Senator Creighton’s Monument Protection Act passes Texas Senate on party-line vote after several hours of vociferous debate

Texas Senator Brandon Creighton, Republican of Conroe, authored the Texas Monument Protection Act, which passed the Texas Senate during debate on Tuesday, May 7, 2019.

Austin, May 8 – Yesterday, May 7, 2019, Senator Brandon Creighton, Republican of Conroe, advanced Senate Bill 1663, the Texas Monument Protection Act, creating a framework and adding protections for the altering, moving or renaming of historic monuments across the state. The vote was 19 to 12 in favor, that is 19 Republicans and 12 democrats. Sadly, history has become a partisan issue.
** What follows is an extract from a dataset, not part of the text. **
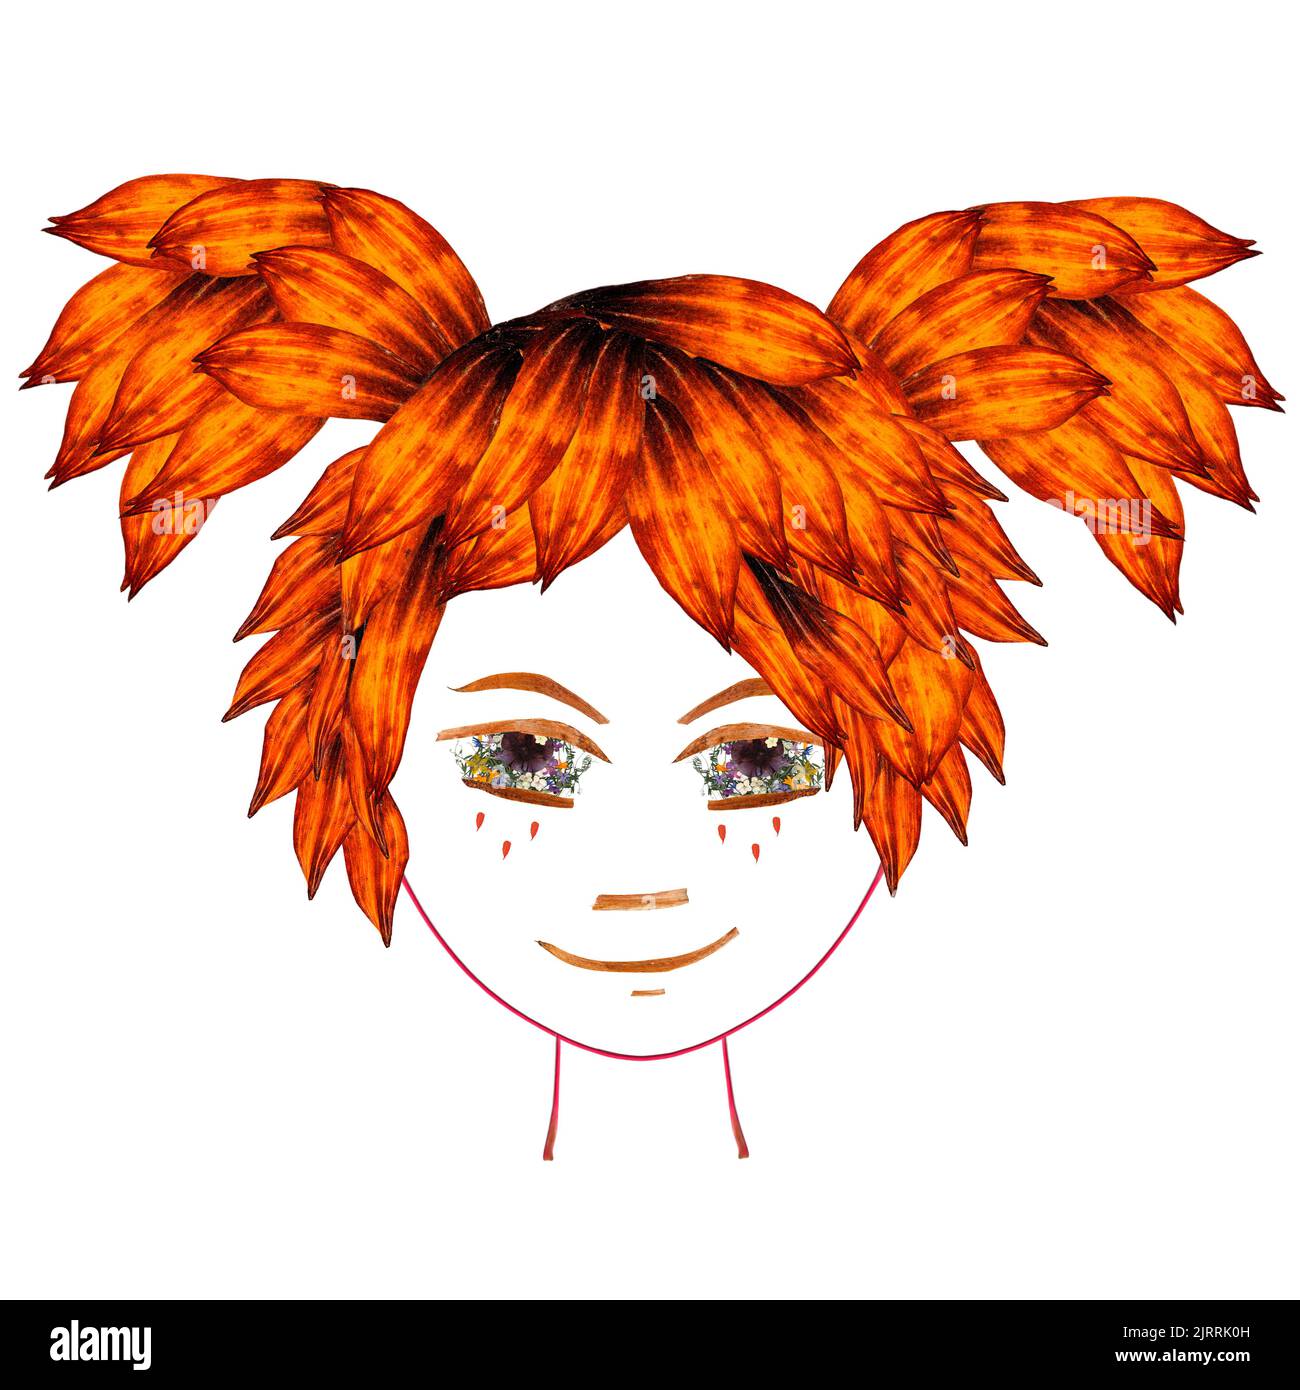 Application, face made of dried pressing multicolor Columbine flowers, long stiff brown iris. Girl with orange hair tails sticking out in different di Stock Photo

Creighton said about the legislation, ” There are people and events throughout our state’s rich history that deserve to be celebrated, and there are also people and events that should be condemned, but either way, as Texans, we should not hide from our history.  My bill today, SB 1663, establishes a framework for the removal of historical monuments throughout the state, so historical markers are not permanently removed or destroyed in haste.  I appreciate all of my Senate colleagues for their input and collaboration on this bill.  While it is an emotional issue, I truly believe that all of our history, the good and the bad, are worthy of study and education.”

Senate Bill 1663:

  • Protects the Alamo Cenotaph in perpetuity;
  • Creates a process for the removal, relocation, and altering of Texas’ statues, portraits, plaques, seals, symbols, building names, street names, park names, and cenotaphs;
  • Allows for monuments less than 25 years old to be altered as they currently are;
  • Requires that monuments older than 25 years old may only be altered by 2/3rds legislative approval;
  • Protects local monuments which a governing board may alter by formal action if less than 25 years old, although a super majority of the governing board is required if the monument is older than 25 years;
  • Creates a bi-partisan committee to study the artwork in the Senate Chamber.